Environmental cells sealed with photoelectron-transparent graphene windows are promising for extending X-ray photoelectron spectroscopy (XPS) to liquid and high-pressure gas environments for in situ and operando studies. The challenge, however, is in ensuring reliable production of graphene windows that are sufficiently leak-tight for extended measurements.
In the paper 'In situ formation of suspended graphene windows for lab-based XPS in liquid and gas environments', as published in The European Society Journal for Catalysis, a team of researchers headed by this department and including the Catalysis Hub at Harwell, Diamond Light Source, UCL and the University of Manchester demonstrate a PDMS/Au(100 nm) supported transfer method which reliably produces suspended graphene on perforated silicon nitride membranes without significant contamination.

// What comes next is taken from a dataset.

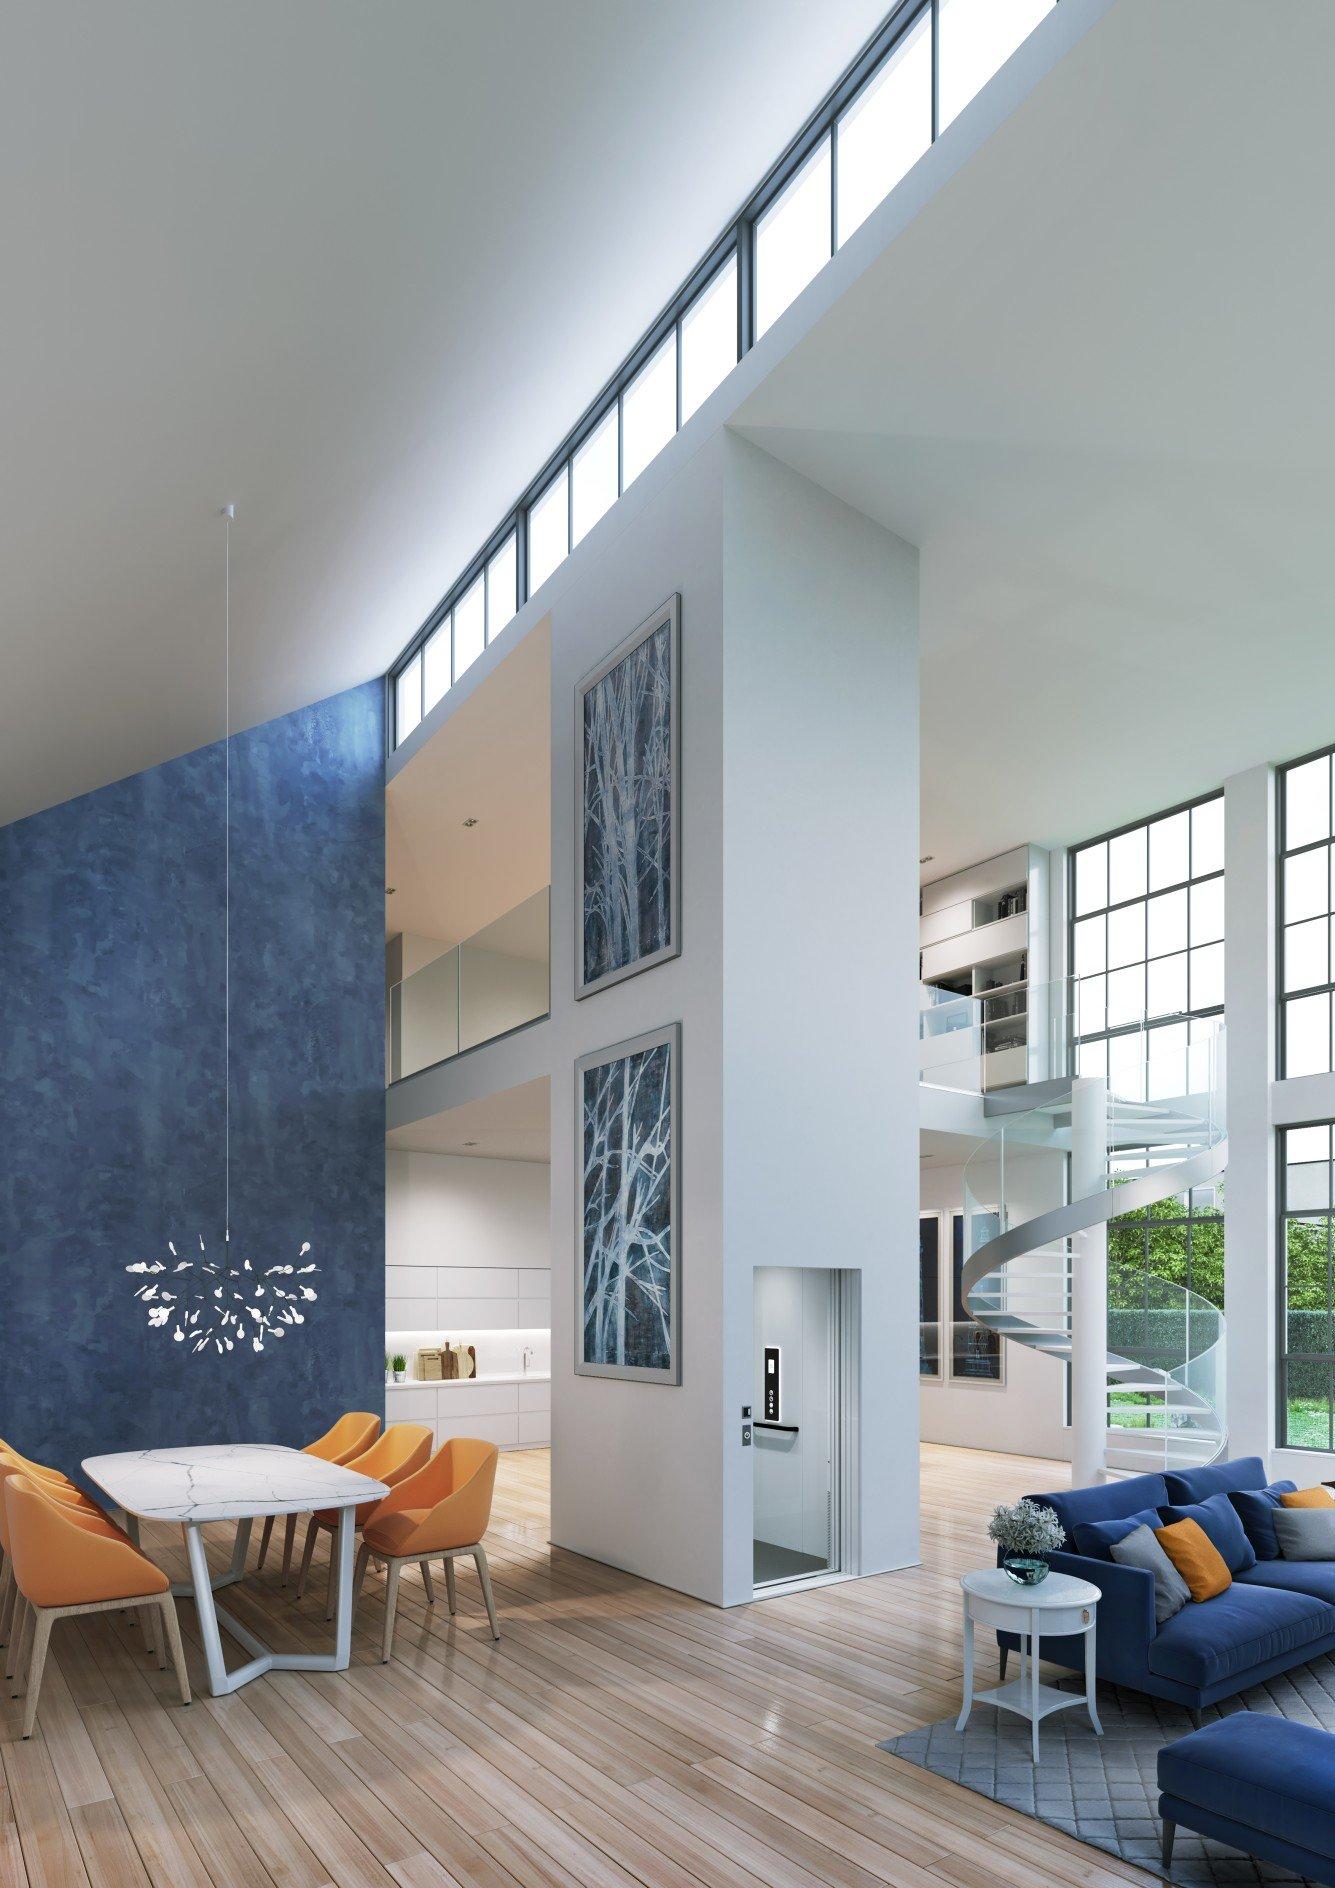 Home Lift. Privataufzüge für barrierefreien Komfort.

A yield of ~95% was achieved, based on a single-layer graphene covering >98% of the holes in the silicon nitride membrane. Even higher coverages were achieved for stacked bilayer graphene, which allowed for wet etching (aqueous KI/I2) of the Au support to be observed in a conventional lab-based XPS system, and thereby this demonstrates the in situ formation of leak-tight, suspended graphene windows, which allow gas-phase measurements at close to atmospheric pressure. This is promising for future XPS under higher-pressure gas environments in conventional lab-based systems.